Museum and tourist site in Ashanti Region, Ghana

The Yaa Asantewaa Museum is a museum in Ejisu Municipal District in the Ashanti Region of Ghana. It was built to honor legendary Ashanti leader Yaa Asantewaa, who was the queen mother of Ejisu.

The museum was established in 2000, to mark the centenary of the Yaa Asantewaa War. It aimed to recreate a typical Asante royal residence from ca. 1900. Located at her grave side in Besease, the hometown of Yaa Asantewaa, it gives off the modern feel of the days of the old through the memories of war.

== Gutted By Fire==
In 2004, the museum was gutted by a fire. Most of its relics that were inside were destroyed, and only a few clay pots remained. As a result of the fire and closure of the museum, tourism within the area significantly decreased.

==Rebuilding==
In October 2009, local leaders expressed a desire to refurbish the museum, and in 2016 UNICEF agreed to contribute US$10 million towards its reconstruction.

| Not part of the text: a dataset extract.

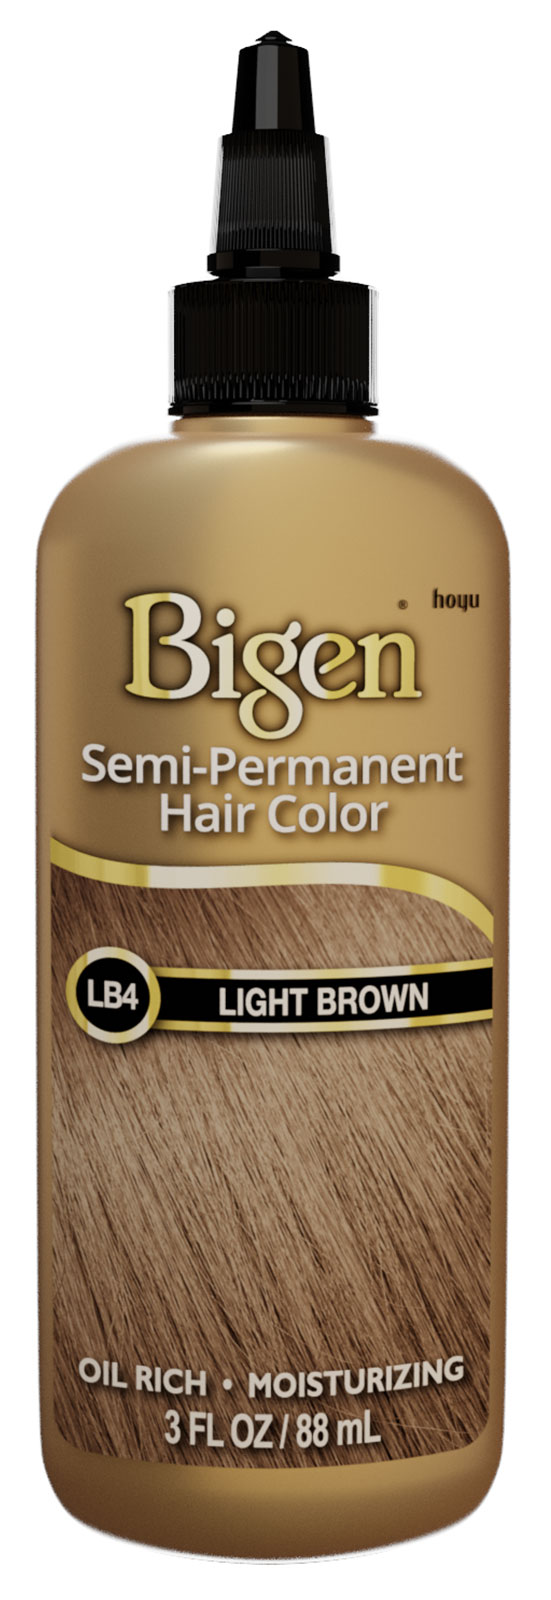 LB4-Light Brown
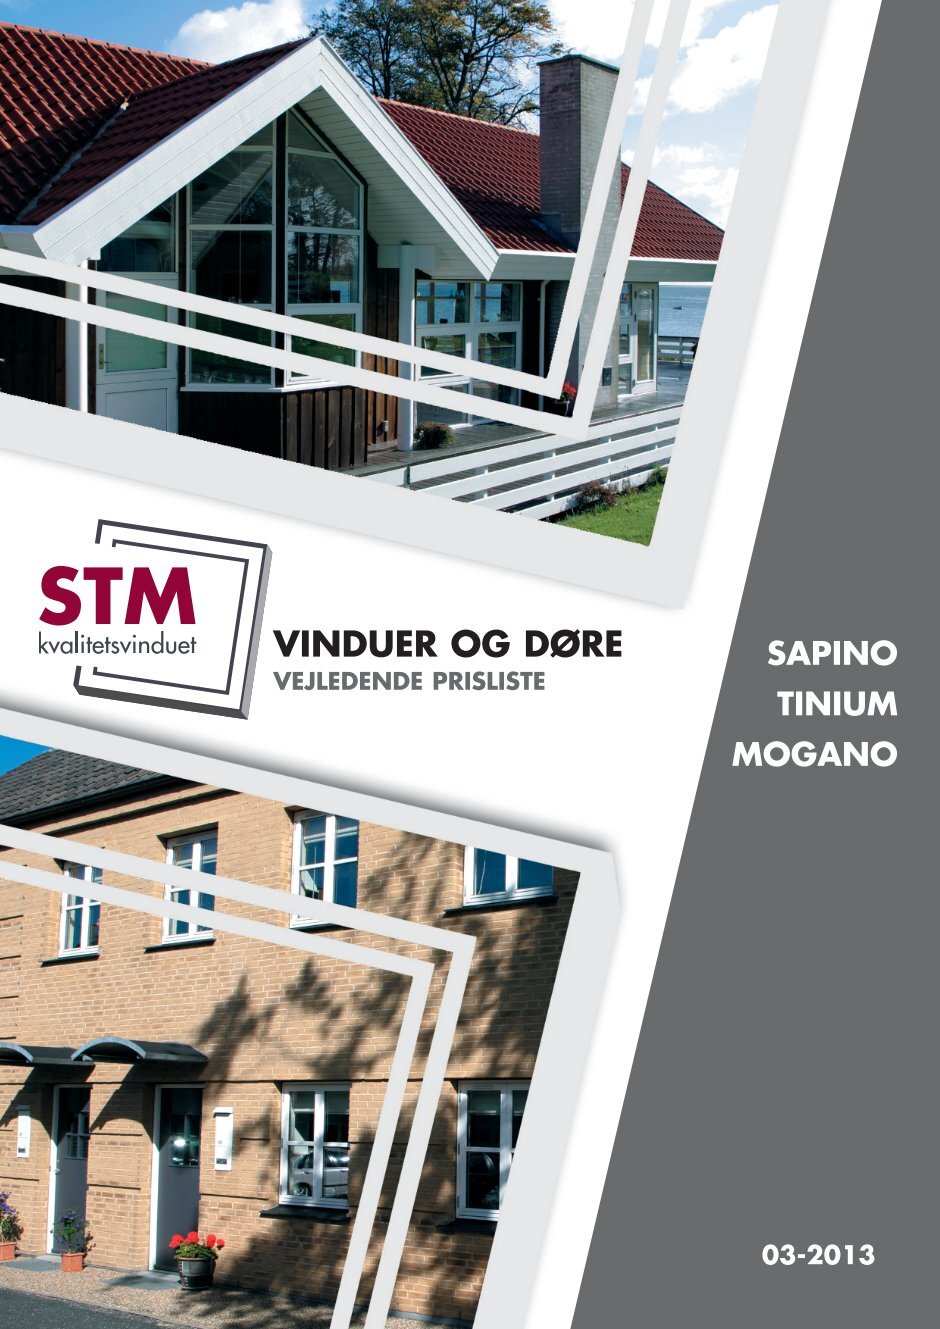 4 free Magazines from STMVINDUER.DK

The new facility was to be constructed on a 14-acre plot of land. The Ejisu-Juabeng Municipal Assembly was tasked to spearhead the reconstruction process but the re-construction stalled.

In February 2024, a new pledge from the Asantehene to construct a new heritage museum to honor the late queen mother was made again. According to them, the new museum was to be called Yaa Asantewaa Memorial Heritage Museum with artistic impression showcasing a modern feel of old traditional memories.